* _REQUIRED WORK_
Lines before the one containing "Center Braxton Meah" are left out; return that line and every line after it exactly, through the end of the data below.

* _DATA LISTING_
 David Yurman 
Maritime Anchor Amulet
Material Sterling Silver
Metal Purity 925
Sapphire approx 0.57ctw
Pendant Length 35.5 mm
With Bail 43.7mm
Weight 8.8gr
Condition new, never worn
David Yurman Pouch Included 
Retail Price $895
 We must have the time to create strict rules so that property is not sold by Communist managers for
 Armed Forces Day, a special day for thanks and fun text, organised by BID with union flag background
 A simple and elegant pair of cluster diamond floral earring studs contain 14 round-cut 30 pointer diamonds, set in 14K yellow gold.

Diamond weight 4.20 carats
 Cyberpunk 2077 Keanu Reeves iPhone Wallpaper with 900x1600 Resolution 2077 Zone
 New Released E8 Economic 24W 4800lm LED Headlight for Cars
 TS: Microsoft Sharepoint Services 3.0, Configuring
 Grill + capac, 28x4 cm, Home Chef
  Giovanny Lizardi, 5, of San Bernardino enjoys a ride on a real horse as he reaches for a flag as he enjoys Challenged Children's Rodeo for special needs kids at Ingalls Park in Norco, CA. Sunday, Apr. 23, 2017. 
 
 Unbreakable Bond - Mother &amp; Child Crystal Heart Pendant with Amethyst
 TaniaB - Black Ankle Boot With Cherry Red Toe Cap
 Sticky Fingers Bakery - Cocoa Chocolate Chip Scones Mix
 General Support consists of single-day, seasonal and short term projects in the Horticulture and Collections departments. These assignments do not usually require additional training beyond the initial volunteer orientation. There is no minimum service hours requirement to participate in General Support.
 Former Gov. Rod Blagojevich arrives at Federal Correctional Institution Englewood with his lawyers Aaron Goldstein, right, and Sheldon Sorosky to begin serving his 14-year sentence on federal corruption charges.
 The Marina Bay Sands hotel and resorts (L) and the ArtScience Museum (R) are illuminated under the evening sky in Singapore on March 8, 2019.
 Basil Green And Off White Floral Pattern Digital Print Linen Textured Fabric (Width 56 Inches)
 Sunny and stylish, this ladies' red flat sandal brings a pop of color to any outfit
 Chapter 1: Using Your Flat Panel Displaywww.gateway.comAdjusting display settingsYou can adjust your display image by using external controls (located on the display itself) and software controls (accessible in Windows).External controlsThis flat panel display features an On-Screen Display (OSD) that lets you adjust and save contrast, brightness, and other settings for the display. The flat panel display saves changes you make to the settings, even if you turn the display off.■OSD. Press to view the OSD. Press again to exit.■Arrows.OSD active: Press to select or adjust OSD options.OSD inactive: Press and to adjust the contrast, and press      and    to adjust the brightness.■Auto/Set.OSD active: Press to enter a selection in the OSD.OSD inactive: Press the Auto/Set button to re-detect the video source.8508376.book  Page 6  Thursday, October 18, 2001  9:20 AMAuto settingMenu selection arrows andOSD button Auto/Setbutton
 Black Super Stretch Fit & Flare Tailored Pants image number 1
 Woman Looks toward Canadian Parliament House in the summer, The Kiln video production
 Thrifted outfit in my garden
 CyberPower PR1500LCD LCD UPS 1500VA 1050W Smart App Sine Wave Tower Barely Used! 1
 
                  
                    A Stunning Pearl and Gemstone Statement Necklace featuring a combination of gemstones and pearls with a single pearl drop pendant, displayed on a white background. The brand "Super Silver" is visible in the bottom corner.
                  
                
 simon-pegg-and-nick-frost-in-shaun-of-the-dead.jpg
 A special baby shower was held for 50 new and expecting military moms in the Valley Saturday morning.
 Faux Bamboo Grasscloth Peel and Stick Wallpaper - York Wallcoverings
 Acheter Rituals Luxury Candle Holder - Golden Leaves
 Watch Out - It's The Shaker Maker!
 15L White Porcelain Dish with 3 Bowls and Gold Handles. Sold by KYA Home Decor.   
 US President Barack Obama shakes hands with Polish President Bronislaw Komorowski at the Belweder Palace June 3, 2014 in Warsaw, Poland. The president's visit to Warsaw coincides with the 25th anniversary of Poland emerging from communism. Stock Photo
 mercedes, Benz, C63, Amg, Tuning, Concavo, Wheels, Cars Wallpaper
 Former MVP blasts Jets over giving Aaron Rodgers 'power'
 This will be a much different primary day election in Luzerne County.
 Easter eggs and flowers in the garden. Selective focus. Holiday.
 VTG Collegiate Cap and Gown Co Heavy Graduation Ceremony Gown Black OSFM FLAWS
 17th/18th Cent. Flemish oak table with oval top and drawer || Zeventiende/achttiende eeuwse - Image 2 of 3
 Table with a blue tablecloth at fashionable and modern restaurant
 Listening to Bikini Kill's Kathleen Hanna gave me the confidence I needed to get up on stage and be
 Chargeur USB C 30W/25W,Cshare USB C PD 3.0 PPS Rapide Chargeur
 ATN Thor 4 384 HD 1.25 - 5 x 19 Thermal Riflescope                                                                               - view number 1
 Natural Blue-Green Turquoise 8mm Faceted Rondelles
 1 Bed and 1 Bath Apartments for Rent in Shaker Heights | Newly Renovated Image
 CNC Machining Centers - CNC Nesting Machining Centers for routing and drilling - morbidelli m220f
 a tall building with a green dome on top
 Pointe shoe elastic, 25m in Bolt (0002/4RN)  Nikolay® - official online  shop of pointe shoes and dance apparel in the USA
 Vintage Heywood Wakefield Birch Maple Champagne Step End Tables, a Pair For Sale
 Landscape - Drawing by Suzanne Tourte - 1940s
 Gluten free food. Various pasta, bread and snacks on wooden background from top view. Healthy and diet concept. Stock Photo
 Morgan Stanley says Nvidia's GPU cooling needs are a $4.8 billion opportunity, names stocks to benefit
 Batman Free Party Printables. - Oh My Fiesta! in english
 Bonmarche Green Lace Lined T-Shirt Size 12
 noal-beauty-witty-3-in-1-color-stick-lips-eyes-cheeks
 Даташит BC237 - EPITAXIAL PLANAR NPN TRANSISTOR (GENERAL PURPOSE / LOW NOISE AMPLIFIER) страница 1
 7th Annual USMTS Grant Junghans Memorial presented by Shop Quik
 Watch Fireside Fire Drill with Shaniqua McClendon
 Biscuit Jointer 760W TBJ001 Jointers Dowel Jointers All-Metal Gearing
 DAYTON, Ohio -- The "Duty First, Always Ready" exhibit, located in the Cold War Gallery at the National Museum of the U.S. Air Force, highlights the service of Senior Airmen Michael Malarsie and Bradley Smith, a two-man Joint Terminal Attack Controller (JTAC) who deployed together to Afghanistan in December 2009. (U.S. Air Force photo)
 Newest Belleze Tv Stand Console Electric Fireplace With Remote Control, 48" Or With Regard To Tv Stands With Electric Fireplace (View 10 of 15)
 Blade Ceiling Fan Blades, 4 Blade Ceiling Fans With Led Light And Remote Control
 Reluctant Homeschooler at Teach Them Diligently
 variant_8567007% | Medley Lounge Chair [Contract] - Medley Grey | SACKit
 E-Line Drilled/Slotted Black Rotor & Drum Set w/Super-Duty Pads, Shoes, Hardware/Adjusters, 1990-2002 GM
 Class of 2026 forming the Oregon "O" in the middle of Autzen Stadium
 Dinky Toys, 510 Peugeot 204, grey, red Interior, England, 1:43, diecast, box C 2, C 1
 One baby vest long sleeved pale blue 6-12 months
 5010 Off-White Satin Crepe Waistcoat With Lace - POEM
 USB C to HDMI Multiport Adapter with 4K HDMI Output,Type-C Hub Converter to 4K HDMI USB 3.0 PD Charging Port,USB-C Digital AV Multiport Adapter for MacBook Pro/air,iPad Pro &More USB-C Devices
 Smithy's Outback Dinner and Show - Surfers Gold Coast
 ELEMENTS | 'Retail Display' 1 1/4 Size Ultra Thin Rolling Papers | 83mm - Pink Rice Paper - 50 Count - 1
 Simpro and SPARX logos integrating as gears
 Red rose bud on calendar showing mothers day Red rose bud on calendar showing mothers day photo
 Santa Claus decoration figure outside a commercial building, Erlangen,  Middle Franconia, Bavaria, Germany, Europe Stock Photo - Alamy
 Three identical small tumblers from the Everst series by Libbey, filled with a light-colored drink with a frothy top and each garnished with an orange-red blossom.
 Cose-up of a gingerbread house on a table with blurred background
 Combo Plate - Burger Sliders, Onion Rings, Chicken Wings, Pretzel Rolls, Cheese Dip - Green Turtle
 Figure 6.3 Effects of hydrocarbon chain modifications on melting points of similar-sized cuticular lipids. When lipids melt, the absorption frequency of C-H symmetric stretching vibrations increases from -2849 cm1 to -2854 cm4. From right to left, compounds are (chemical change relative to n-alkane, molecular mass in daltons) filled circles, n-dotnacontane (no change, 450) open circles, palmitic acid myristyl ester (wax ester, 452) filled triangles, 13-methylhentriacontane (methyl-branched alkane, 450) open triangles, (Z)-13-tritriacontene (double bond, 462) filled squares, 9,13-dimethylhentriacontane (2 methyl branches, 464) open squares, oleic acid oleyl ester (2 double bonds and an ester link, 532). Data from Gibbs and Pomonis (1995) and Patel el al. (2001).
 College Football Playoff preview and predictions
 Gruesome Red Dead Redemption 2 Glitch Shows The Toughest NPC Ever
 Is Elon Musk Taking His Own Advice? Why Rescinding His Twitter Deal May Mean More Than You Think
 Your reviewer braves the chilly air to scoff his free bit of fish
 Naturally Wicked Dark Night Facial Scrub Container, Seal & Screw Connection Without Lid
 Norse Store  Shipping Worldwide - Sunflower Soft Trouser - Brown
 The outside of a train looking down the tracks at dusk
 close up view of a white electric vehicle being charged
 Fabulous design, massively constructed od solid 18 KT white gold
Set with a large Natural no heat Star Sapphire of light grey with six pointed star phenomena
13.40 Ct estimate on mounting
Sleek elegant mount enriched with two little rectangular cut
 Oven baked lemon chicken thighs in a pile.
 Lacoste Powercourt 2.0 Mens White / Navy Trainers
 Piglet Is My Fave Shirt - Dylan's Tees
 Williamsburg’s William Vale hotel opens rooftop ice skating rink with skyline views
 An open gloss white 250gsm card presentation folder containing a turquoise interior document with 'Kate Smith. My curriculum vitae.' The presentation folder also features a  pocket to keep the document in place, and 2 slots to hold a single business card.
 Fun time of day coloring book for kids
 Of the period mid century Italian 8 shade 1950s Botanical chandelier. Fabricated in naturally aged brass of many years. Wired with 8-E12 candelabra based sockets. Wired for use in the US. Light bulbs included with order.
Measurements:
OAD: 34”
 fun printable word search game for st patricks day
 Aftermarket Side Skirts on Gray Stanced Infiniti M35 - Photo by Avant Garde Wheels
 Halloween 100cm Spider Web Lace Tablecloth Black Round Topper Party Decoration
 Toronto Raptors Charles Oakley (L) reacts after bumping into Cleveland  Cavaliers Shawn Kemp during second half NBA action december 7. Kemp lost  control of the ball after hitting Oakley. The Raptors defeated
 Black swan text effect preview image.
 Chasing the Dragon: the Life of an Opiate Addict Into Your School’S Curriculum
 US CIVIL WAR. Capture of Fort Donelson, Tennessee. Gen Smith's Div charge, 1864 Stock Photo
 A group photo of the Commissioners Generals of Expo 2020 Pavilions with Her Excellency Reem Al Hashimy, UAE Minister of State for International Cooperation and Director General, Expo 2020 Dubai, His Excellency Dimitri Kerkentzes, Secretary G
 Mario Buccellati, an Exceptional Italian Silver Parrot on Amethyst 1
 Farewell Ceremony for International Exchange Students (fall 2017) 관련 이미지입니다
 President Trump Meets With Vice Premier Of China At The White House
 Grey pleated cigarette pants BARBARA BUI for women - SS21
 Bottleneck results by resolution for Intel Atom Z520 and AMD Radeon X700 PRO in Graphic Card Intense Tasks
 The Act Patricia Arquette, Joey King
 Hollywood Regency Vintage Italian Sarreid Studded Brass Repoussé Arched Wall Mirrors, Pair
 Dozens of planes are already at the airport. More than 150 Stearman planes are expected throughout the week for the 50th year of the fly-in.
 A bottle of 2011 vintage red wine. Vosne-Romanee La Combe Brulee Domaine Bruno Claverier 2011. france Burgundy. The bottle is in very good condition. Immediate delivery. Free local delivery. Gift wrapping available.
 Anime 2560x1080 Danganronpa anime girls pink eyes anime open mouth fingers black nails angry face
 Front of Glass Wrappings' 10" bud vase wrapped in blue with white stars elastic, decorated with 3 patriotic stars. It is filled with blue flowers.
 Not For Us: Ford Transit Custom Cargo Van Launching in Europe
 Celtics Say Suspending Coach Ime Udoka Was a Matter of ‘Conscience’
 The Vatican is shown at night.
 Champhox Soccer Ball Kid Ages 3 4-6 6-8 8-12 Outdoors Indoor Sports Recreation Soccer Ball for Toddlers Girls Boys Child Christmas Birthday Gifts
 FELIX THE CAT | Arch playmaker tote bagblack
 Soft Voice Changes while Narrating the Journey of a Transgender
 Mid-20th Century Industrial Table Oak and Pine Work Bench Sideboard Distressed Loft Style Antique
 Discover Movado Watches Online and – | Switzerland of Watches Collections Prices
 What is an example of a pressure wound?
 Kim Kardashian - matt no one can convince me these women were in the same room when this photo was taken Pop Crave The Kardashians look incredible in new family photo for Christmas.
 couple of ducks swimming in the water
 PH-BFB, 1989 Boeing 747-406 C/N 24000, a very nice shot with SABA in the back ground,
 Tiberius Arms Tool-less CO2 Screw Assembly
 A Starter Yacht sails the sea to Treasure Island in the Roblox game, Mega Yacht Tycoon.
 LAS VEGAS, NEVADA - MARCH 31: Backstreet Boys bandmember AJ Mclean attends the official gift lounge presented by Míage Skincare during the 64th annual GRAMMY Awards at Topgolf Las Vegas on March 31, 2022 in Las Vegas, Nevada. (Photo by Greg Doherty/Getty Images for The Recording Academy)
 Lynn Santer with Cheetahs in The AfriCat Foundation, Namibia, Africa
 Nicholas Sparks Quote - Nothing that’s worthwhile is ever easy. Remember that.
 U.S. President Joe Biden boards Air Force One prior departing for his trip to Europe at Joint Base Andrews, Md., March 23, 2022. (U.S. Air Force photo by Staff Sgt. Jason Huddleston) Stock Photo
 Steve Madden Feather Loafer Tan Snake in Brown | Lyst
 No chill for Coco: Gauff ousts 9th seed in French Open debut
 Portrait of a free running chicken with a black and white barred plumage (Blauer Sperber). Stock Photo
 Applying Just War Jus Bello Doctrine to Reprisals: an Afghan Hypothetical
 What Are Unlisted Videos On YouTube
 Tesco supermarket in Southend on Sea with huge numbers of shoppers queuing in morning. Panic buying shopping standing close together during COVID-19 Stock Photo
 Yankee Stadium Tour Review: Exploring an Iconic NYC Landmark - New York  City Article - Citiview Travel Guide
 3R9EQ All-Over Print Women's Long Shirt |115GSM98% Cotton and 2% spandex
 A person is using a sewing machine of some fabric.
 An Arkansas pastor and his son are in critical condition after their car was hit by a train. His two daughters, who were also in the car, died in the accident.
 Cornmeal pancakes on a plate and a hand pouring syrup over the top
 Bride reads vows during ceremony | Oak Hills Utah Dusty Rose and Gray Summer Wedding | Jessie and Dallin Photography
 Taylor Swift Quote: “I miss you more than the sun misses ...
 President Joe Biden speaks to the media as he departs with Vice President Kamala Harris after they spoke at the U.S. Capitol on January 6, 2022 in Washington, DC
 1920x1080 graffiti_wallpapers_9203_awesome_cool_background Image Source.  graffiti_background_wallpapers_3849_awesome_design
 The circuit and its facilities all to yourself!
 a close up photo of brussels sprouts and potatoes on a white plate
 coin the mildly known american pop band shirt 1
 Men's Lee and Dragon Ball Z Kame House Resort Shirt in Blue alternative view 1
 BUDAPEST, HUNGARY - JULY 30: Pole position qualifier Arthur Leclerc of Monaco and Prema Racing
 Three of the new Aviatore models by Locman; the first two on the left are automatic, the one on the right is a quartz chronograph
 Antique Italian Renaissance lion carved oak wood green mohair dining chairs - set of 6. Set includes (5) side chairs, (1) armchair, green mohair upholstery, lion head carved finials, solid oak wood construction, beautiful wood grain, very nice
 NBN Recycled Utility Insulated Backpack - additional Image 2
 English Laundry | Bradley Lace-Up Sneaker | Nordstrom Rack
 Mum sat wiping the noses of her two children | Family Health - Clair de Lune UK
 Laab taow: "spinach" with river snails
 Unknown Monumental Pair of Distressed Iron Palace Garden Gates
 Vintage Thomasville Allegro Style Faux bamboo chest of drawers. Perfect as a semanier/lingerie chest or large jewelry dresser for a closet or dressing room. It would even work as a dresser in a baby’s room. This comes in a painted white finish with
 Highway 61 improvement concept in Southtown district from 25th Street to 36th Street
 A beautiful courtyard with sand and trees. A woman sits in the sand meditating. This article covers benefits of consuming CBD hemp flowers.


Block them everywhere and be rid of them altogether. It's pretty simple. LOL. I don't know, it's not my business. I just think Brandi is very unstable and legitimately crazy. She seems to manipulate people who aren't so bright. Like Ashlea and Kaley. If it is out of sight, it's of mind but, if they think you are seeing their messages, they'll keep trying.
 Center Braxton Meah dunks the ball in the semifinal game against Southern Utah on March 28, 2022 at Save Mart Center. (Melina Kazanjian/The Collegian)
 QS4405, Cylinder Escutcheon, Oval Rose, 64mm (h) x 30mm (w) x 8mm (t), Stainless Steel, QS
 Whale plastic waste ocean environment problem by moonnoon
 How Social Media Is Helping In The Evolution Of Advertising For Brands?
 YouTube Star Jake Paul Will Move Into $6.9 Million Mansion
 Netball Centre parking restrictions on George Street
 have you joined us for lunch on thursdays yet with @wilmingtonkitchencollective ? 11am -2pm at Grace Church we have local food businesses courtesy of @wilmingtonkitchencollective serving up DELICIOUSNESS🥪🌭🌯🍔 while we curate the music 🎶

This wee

* _FINISHED TASK_
 Center Braxton Meah dunks the ball in the semifinal game against Southern Utah on March 28, 2022 at Save Mart Center. (Melina Kazanjian/The Collegian)
 QS4405, Cylinder Escutcheon, Oval Rose, 64mm (h) x 30mm (w) x 8mm (t), Stainless Steel, QS
 Whale plastic waste ocean environment problem by moonnoon
 How Social Media Is Helping In The Evolution Of Advertising For Brands?
 YouTube Star Jake Paul Will Move Into $6.9 Million Mansion
 Netball Centre parking restrictions on George Street
 have you joined us for lunch on thursdays yet with @wilmingtonkitchencollective ? 11am -2pm at Grace Church we have local food businesses courtesy of @wilmingtonkitchencollective serving up DELICIOUSNESS🥪🌭🌯🍔 while we curate the music 🎶

This wee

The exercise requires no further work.